Biomedical Chemistry: Research and Methods, 2018, 1(3), e00050
The 40th Anniversary of the Institute of Physiologically Active Compounds of the Russian Academy of Sciences

Influence of Metal Ions on Microtubules as a Possible Mechanism of Pathogenesis of Alzheimer's Disease

P.N. Shevtsov*, E.F. Shevtsova, S.O. Bachurin

Institute of Physiologically Active Compounds of the Russian Academy of Sciences, 1 Severny proezd, Moscow region, Chernogolovka, 142432 Russia,*e-mail:

Key words: Alzheimer's disease; tubulin; microtubules; metal ions; aluminum ions; phosphorylation of microtubular proteins

DOI: 10.18097/BMCRM00050

The whole version of this paper is available in Russian.

The article provides an overview of our own results of comparative study of influence of ions of iron, zinc and aluminium on the structure of microtubules from tubulin and microtubules associated proteins of rat brain with data on the structure of microtubules from tubulin and microtubules associated proteins from the brain of patients with Alzheimer's disease (AD). A significant decrease in the amount of soluble tubulin was found in the postmortem brain of AD patients in comparison with the control group in the hippocampus, frontal cortex and substantia nigra, but not in the inferior olive. In vitro polymerization of tubulin and microtubules associated proteins from the brain of AD patients and electron micrographs of microtubules were obtained. The assembly of microtubules from brains of AD patients is disrupted, resulting in defective structures. On the other hand, the study of the influence of Al3+, Fe3+, Zn2+ on the microtubules from rat brains tubulin and microtubules associated proteins assembly and structure has shown that all studied metals are able to reduce the amount of microtubules and induce the assembly of anomal structures.
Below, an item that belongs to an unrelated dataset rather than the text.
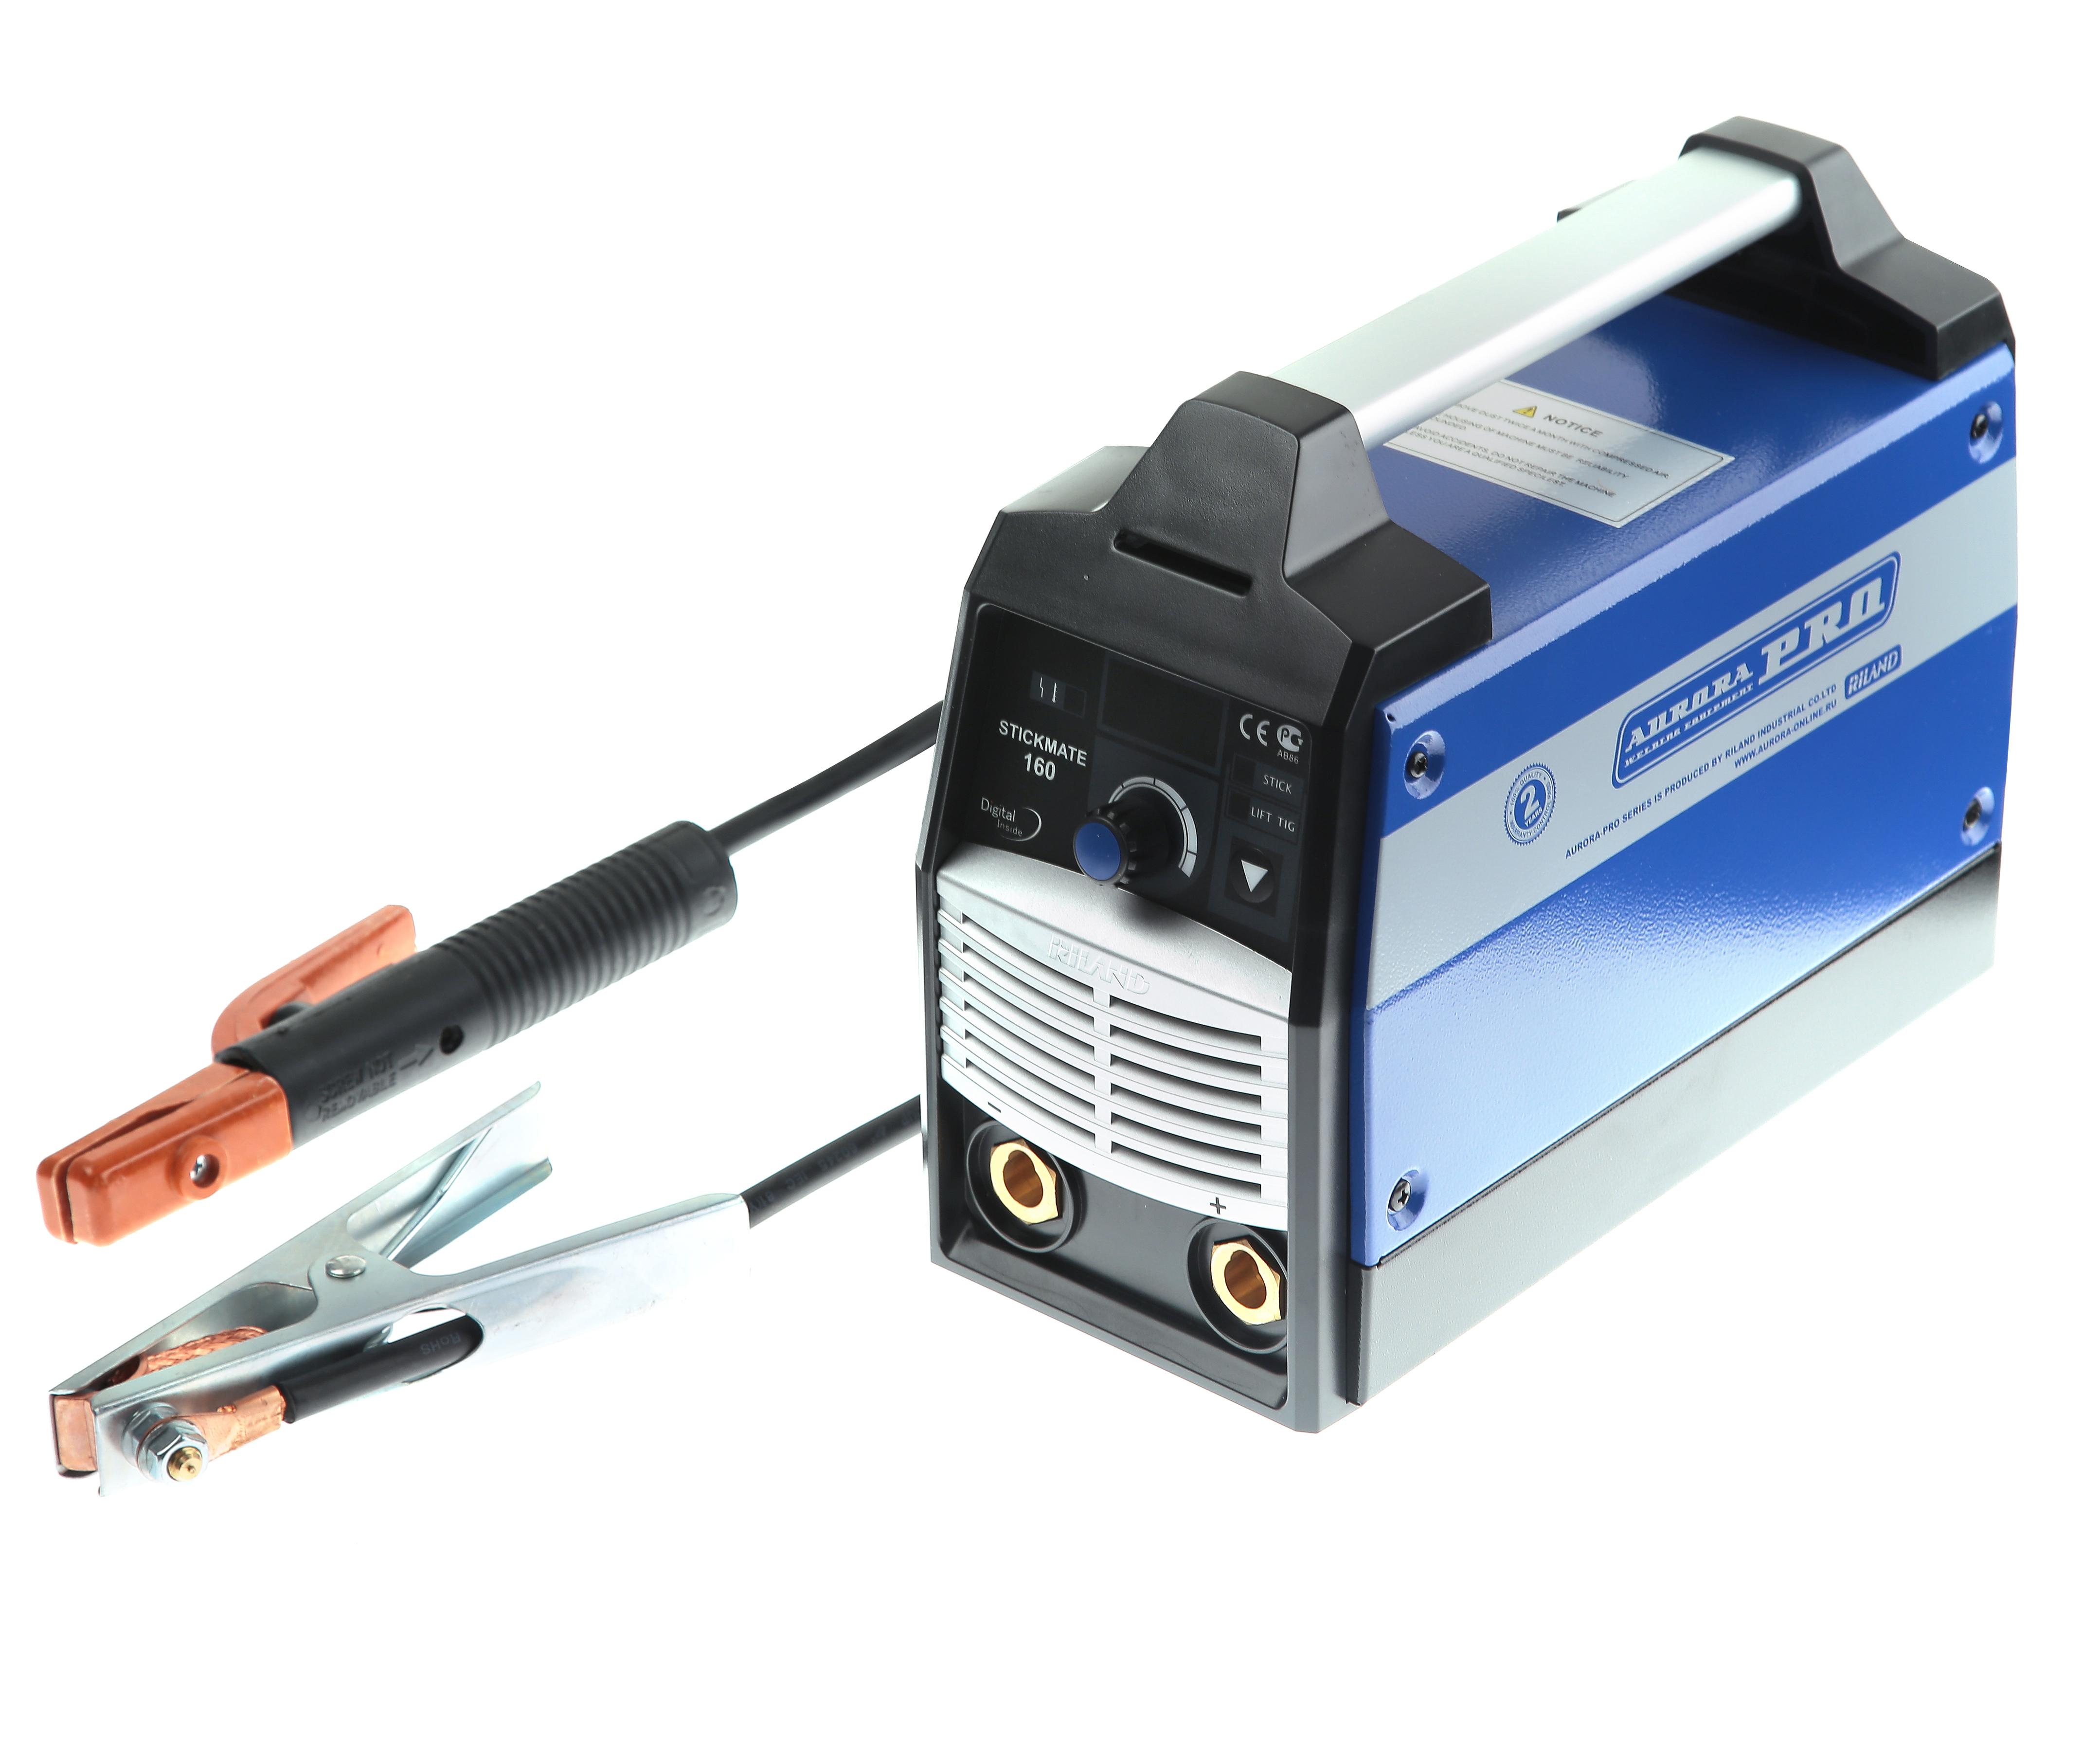 Сварочный инвертор Aurora proСварочные аппараты<br>Макс. сварочный ток: 160, Мощность: 7100, Мощность полная: 7100, Напряжение: 220, Мин. входное напряжение: 140, Выходной ток: 10-160, Напряжение холостого хода: 64, Потребляемый ток: 32, Мин. диаметр электрода: 0.9, Макс. диаметр электрода: 4, Тип сварочного аппарата: инверторный, Тип сварки: дуговая (MMA+TIG), Инверторная технология: есть, Размеры: 288x136x234, Поставляется в: коробке, Вес нетто: 4.8<br>

According to the degree of the destructive effect on the microtubules and, accordingly, the possible significance in the pathogenesis of Alzheimer disease, metal ions can be arranged in the following sequence Al3+> Zn2+> Fe3+. Moreover, phosphorylation of tubulin and microtubules associated proteins in the presence of aluminum ions to the greatest extent reflects the phosphorylation of these proteins at AD. Comparison of data on the structure of microtubules after their assembly from brains of AD patients tubulin and microtubules associated proteins from brains of AD patients, and from the brain of rats, but in the presence of metal ions, confirm the conclusion about the possible role of the metals in the AD etiopathogenesis.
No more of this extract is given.